◆ Data:
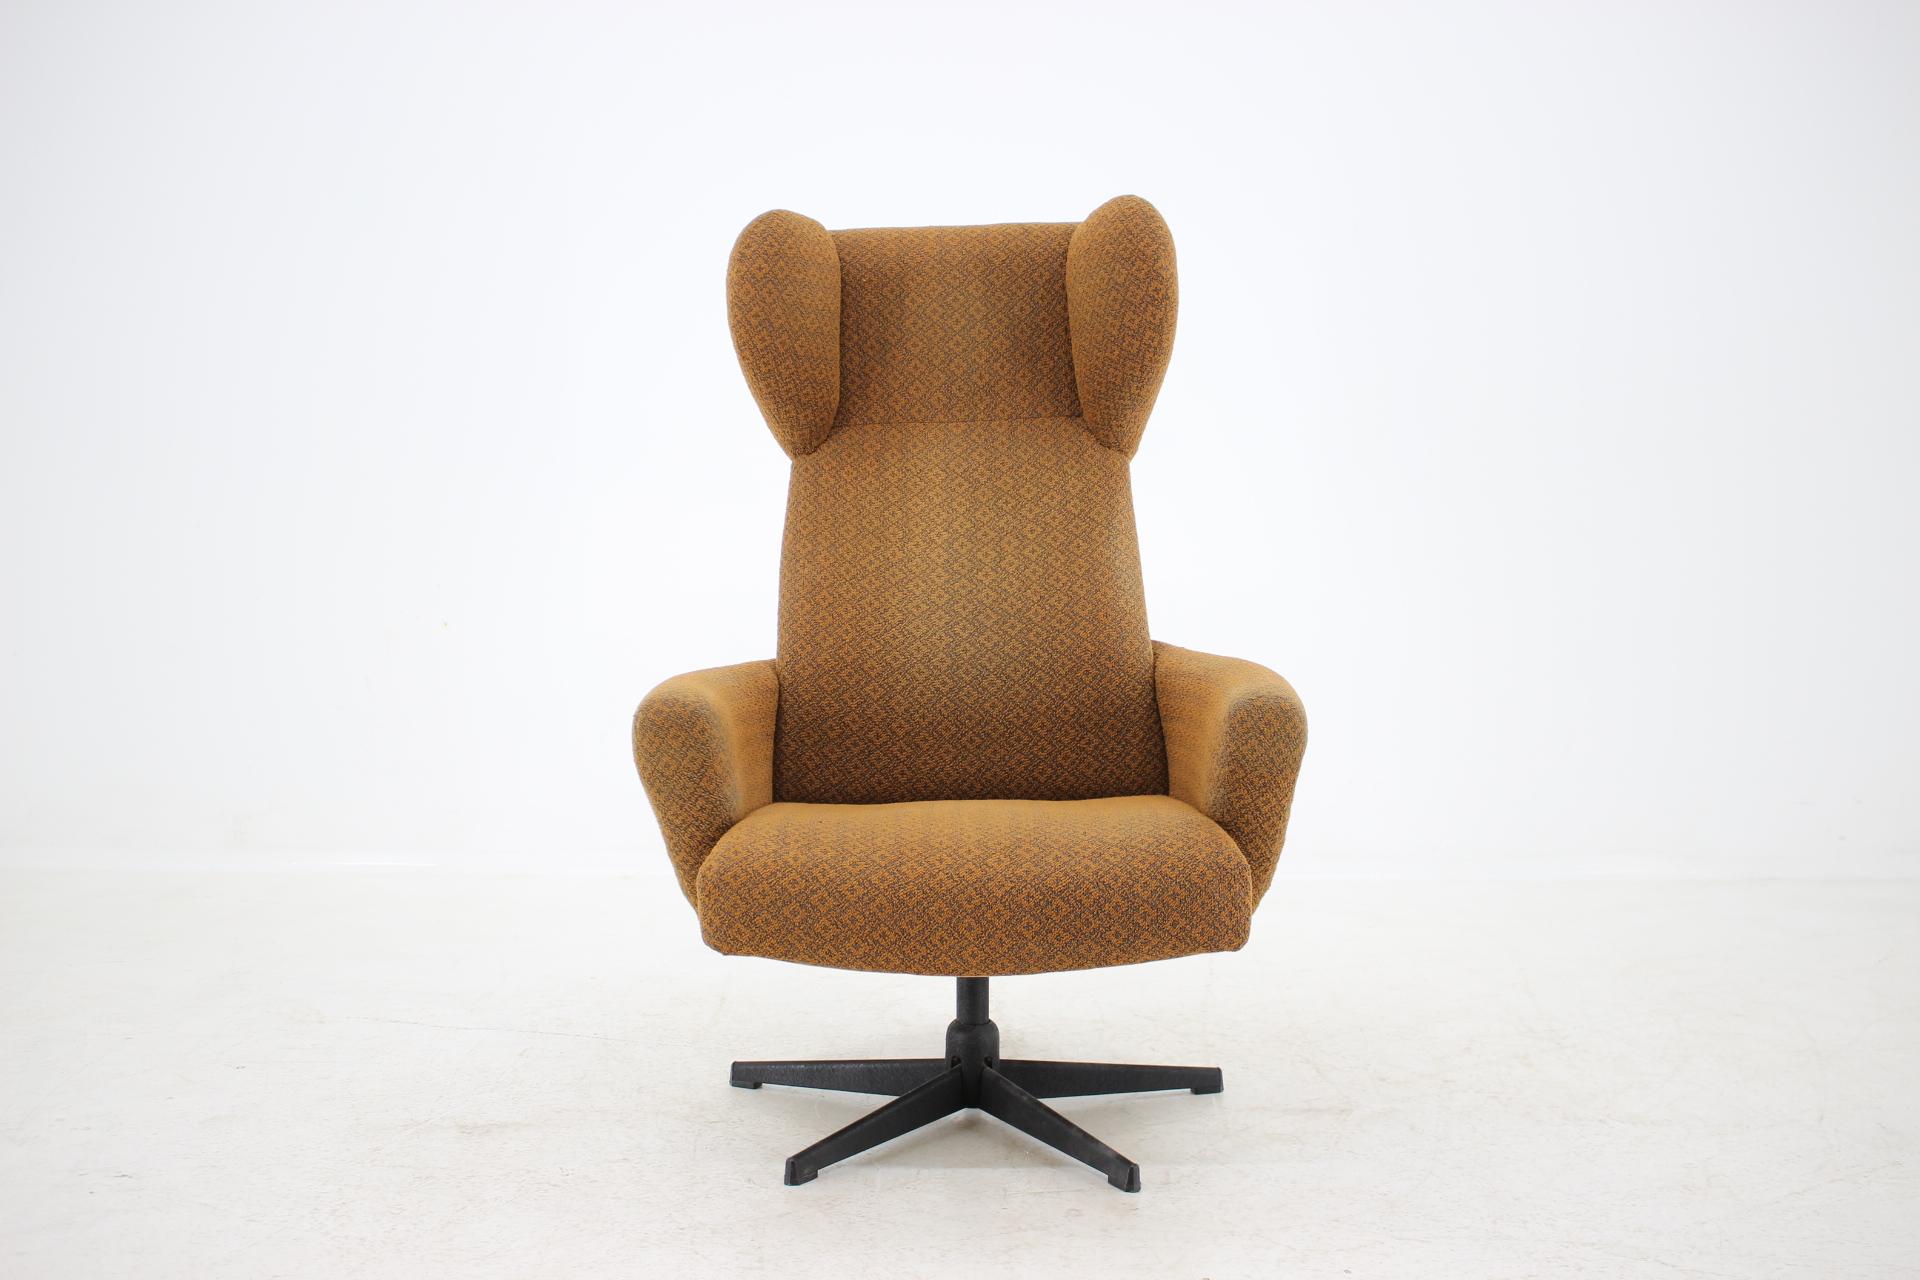 - Made in Czechoslovakia
- Made of metal, fabric
- Upholstery is in original condition
- Good, original condition.

◆ Required action: How many lines in the listing above include the word "condition"? Respond with the number and nothing else.

◆ Written response: 2